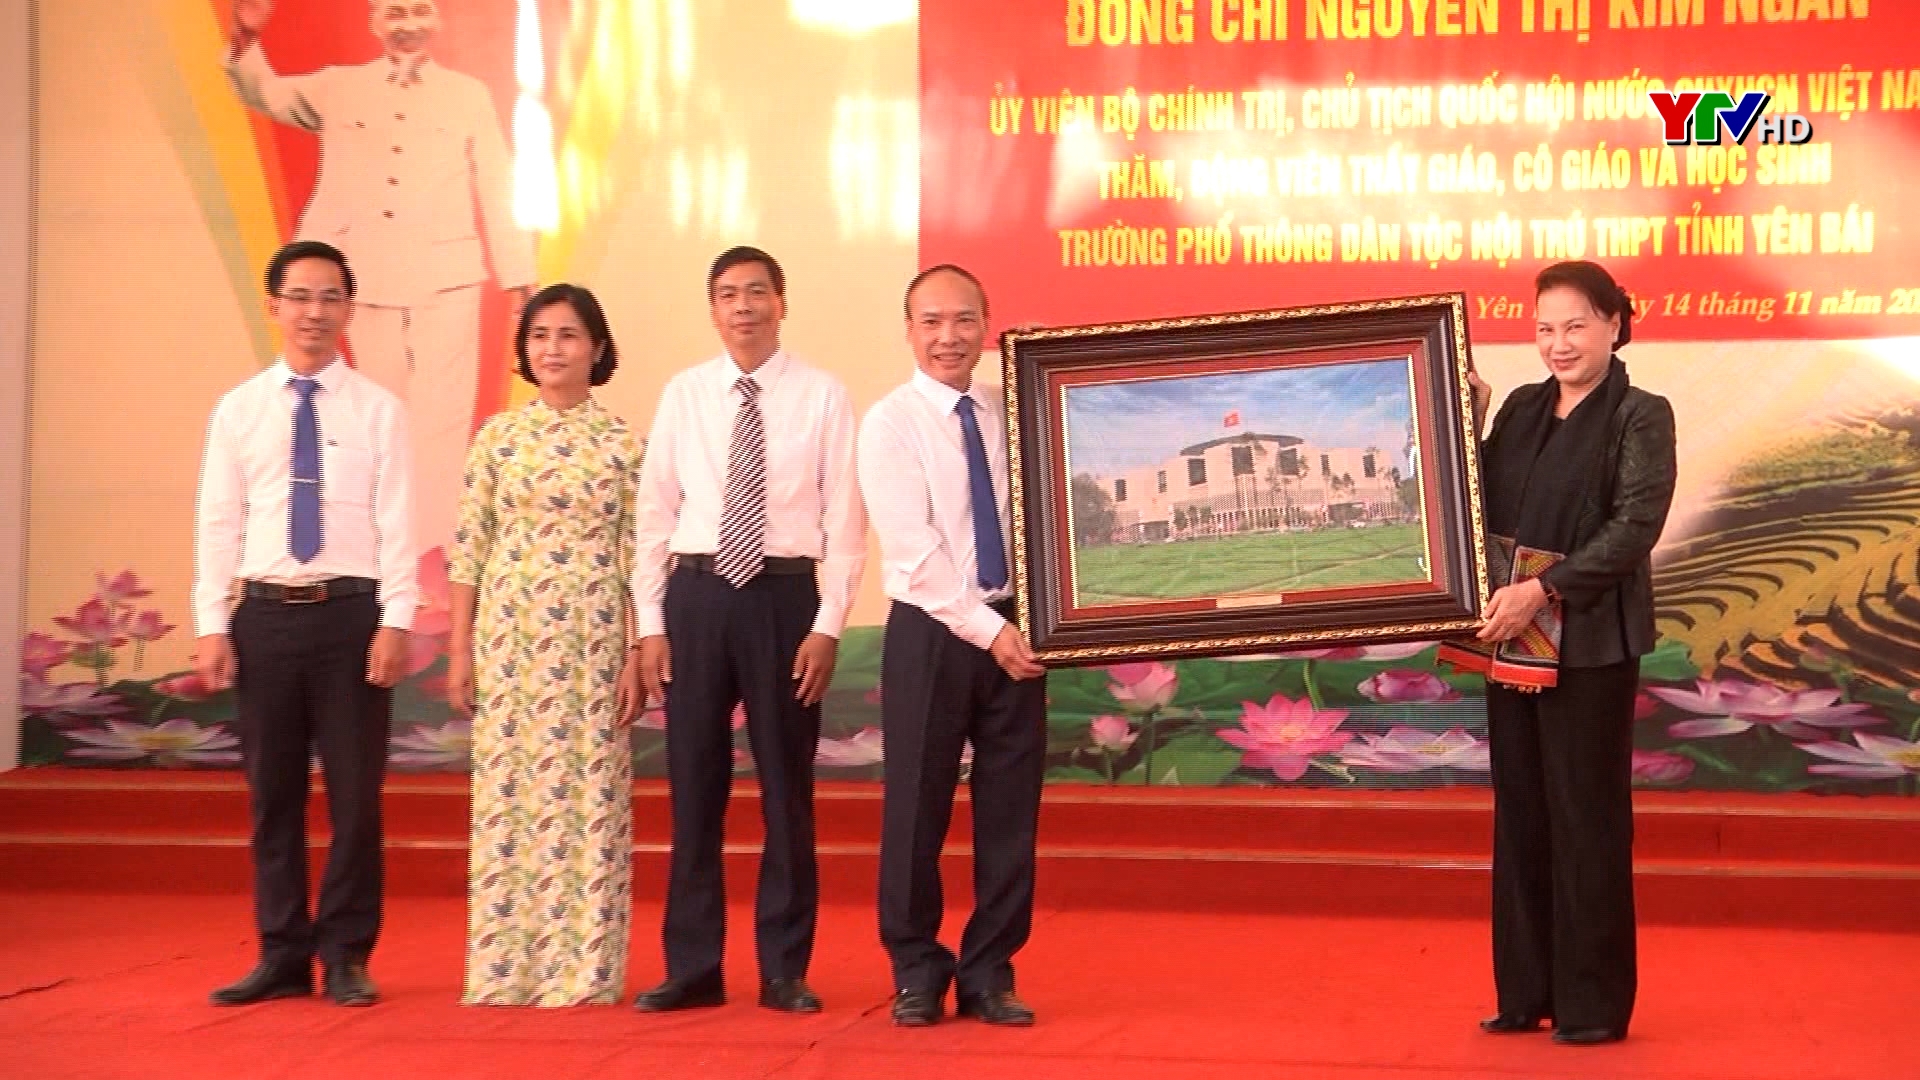 Đồng chí Chủ tịch Quốc hội Nguyễn Thị Kim Ngân thăm Trường PTDT nội trú - THPT tỉnh Yên Bái
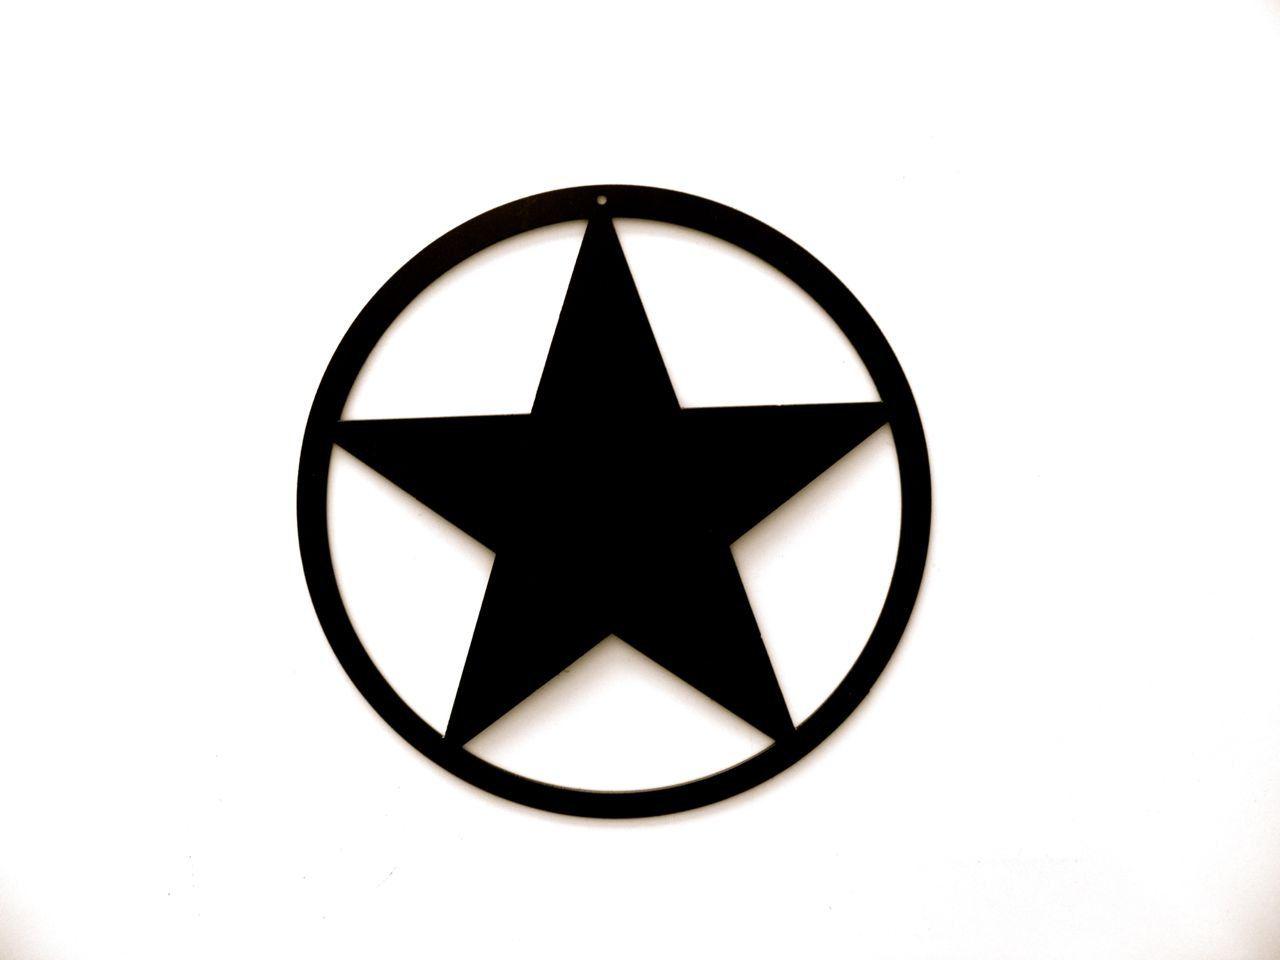 Who Has a Star Circle Logo - Black star in circle Logos
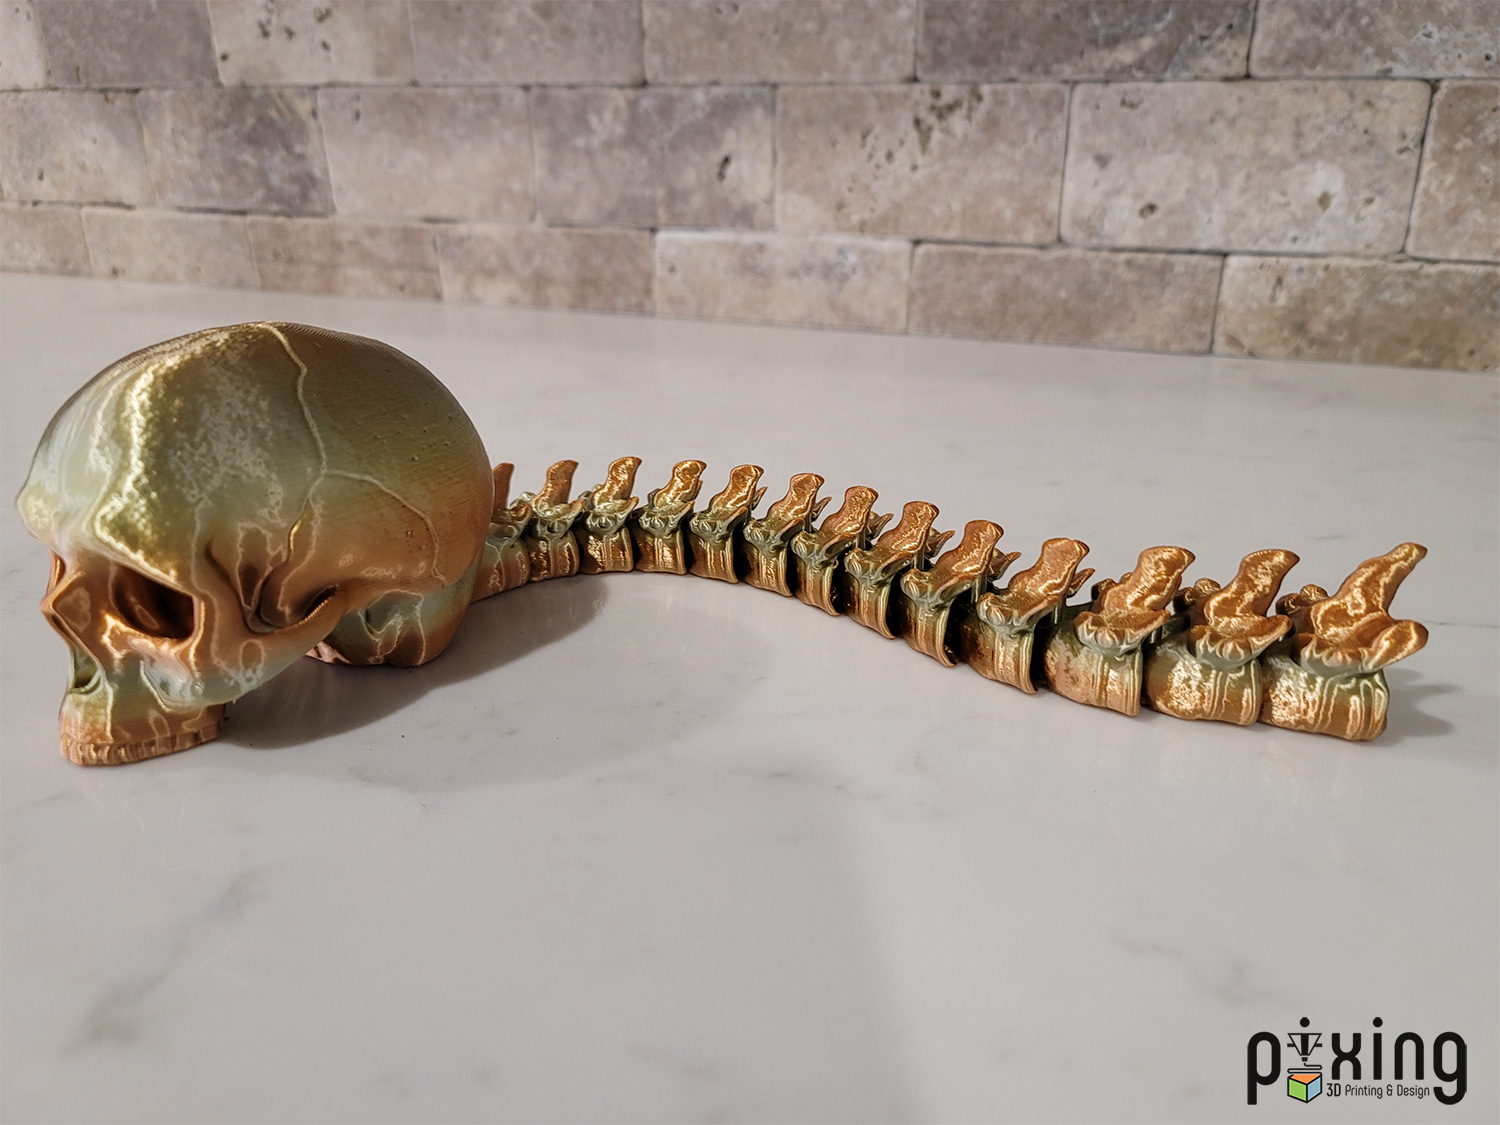 Predator Hunting Skull Trophy 3D Printed Movie Prop Side View

Description of the task:
What is needed is an exact copy of the lines from the line with "Who Has a Star" to the end of the data above, both included, without any pictures.

Exercise solution:
 Who Has a Star Circle Logo - Black star in circle Logos
 Predator Hunting Skull Trophy 3D Printed Movie Prop Side View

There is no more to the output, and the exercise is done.